To date, five have been trapped, though they’re still not certain if all the beavers have been removed, Bakica said Thursday.
Waiting for ice cover not only increases the safety aspect, but it’s also easier to target the entrances and exits of the beaver lodge, he explained.
DPW wants to pull down the dam, but to do so while the beavers are still in there would be inhumane, as the animals would eventually freeze to death without water or become easy prey, he said.
In other words DPW thinks beaver live IN the dam because DPW is almost always stupid.
Bakica said relocating beavers really isn’t feasible in most cases. It’s costly, and can simply mean moving a problem from one area to another, he pointed out.
DPW’s Doris Wurfbaum said the intent is to break down the dam this winter so that the water is free-flowing come spring.
I’m going to assume that the fact that you installed culvert protection 2 years ago at all means that public pressure cared about these beavers and forced your hand. Hey killing after the freeze has another benefit of keeping the beaver-lovers away so they won’t complain too much!
You know there’s another way to do this, right?

Castor canadensis
Eating willow
Martinez, CA by Suzi Eszterhas
We need to remember that beaver stupid still exists everywhere and its not all hearts and Ben’s book out there. I was stunned to see this complaint whine its way across my news feed the other day.
Salmon Runs in the Columbia River system are being systematically ruined by the pseudo science ecologist/ environmentalists who are incharge.
If it was not for the pseudo science of ecology we could have infinitely more fish in northwest rivers and beyond. The environmentalists actually are the real cause of fish declines.
Wow. Ecology is a pseudo-science and environmentalists cause fish decline. The mind boggles. The jaw drops.
The Indian tribes controlled the salmon at these points of difficult uphill cascades passage in the gorge for several thousand years. The river was much more polluted than it is today when salmon runs were much larger. The Indian populations along the Columbia river were higher per square mile concentrated along the river than anywhere else in north America at the time in pre Columbian times. Beavers had everything dammed and were so numerous the river was fouled by Beaver feces and from the Indian populations along the rivers and streams. Those nutrients fed the salmon runs.
Got that? The rivers used to be more polluted because of all the beaver poop. And all that poop fed the salmon. So now that there is less pollution there are less salmon. Because of the stupid ecologists.

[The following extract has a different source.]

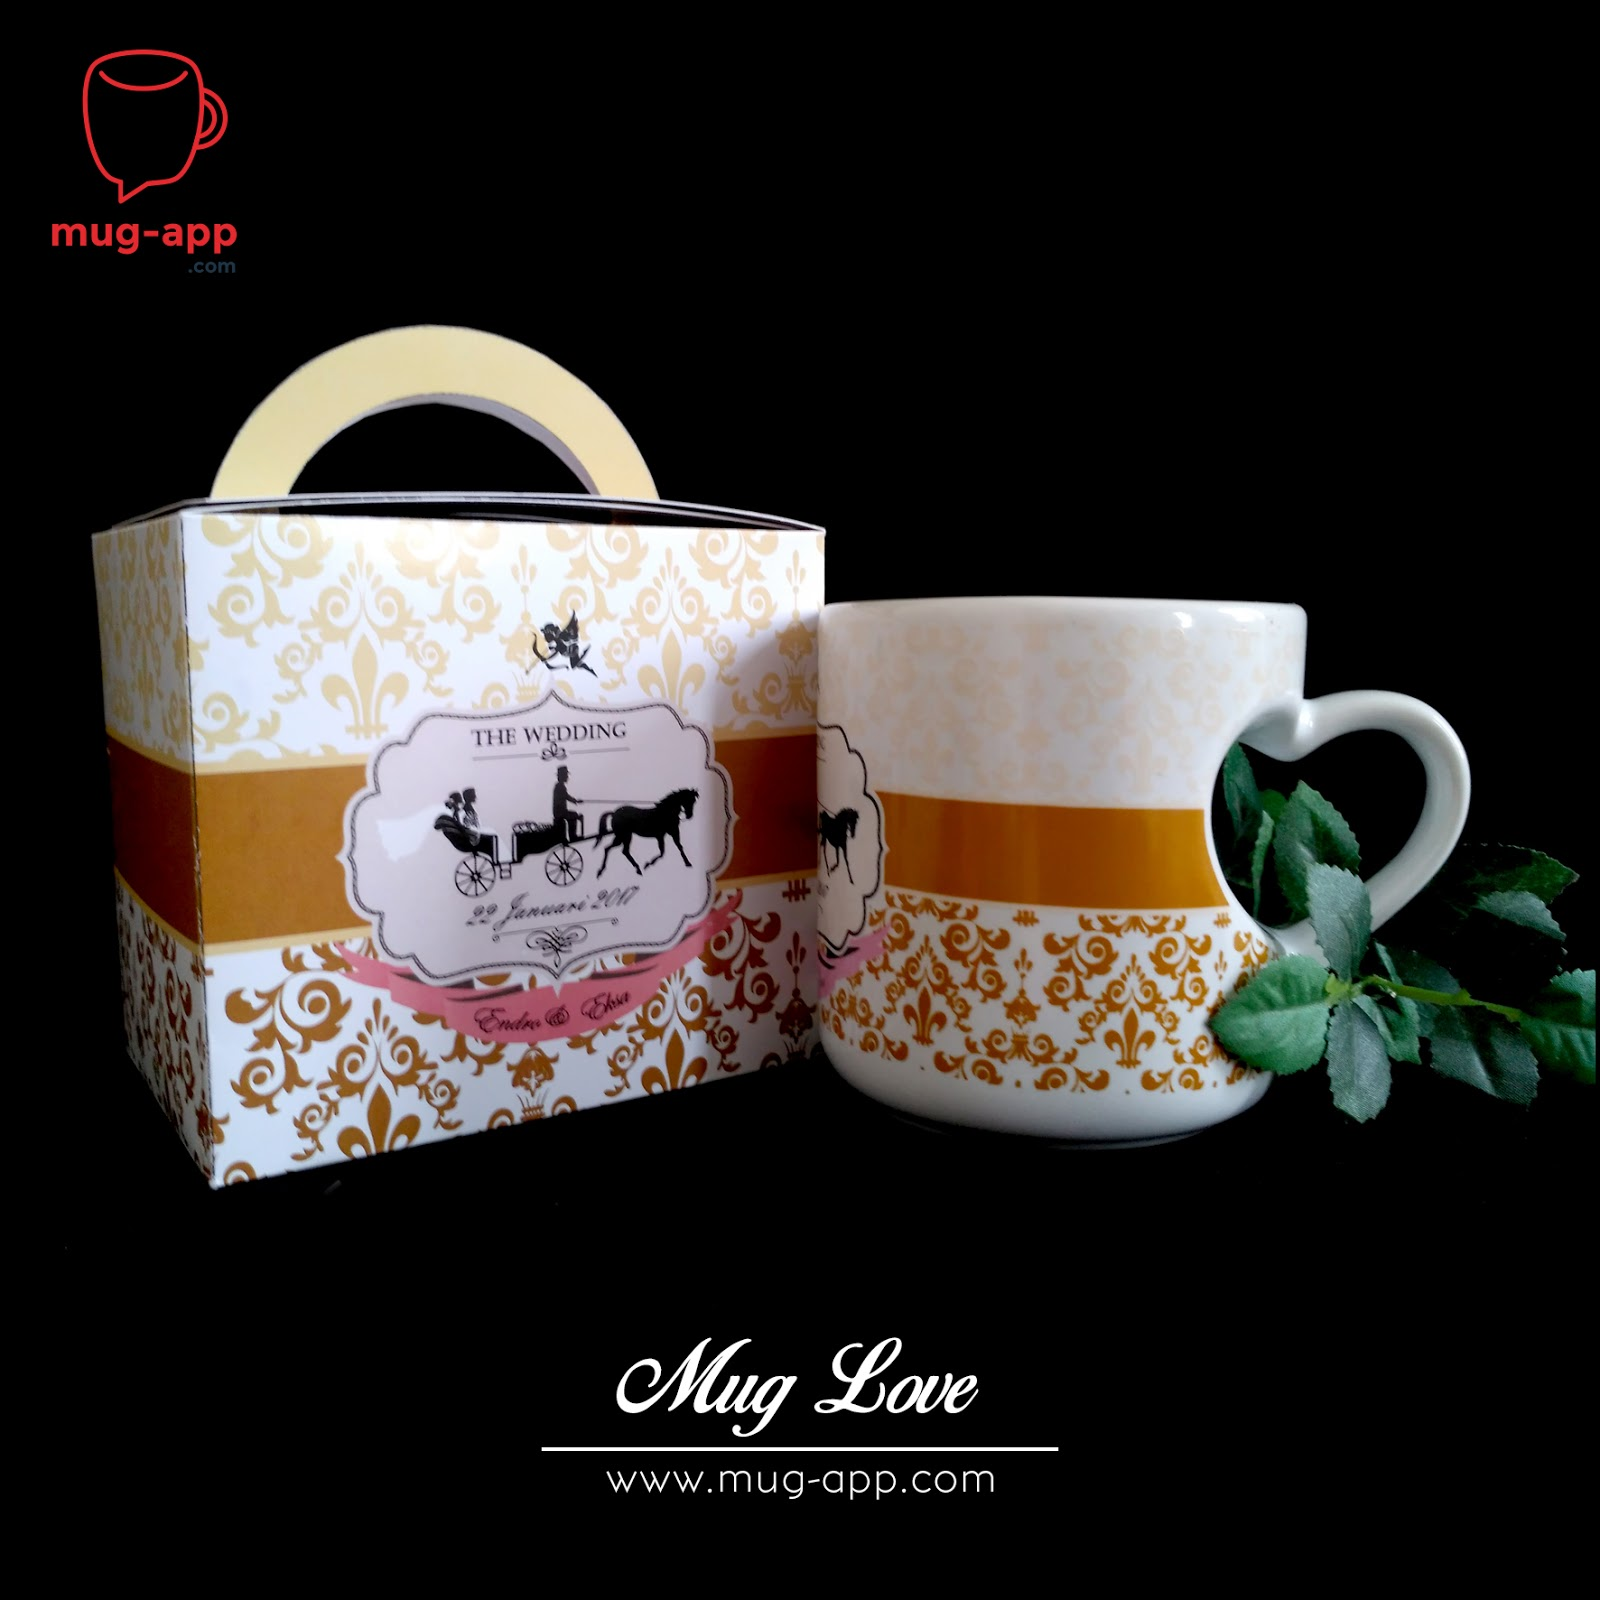 Souvenir Pernikahan Elegan Keramik Mug Printing Trend Souvenir Pernikahan Mug Yang Populer

In some ways today the rivers are too clean for fish to thrive as much as they can and fish hatcheries can also be placed further down stream to more tidal areas of the river system like in the Willamette river itself right downtown. There is horrible missed opportunity in developing the ‘resource’ and worst of all the fisheries selected the best salmon for the hatchery fish and the eco environmental flakes designate those as unnatural fish which is helping to destroy river and ocean survival traits of various species. The truth is absolutely not allowed . Ensured are stupid jobs for idiot people and the salmon and the economic value of these salmon is suffering as a result
If we were to substitute the word pollution for the words ‘nutrient-rich’ I could almost agree. Of course you can’t conflate what beaver do to rivers with what industrial or chemical companies do to rivers. There is zero comparison. The author is onto something though about lots of beavers resulting in lots of salmon, but he misunderstands the role that ecologists want to play in restoring rivers. Correlation isn’t causation. Just because they showed up when the salmon population started to fall apart doesn’t mean they caused it. Just like going to the hospital isn’t the cause of death.
I posted a comment in response and surprisingly he approved it and its still there. I’m not sure what that means, but I’m going to assume its a good sign. At least anyone else that visits the sight can see it.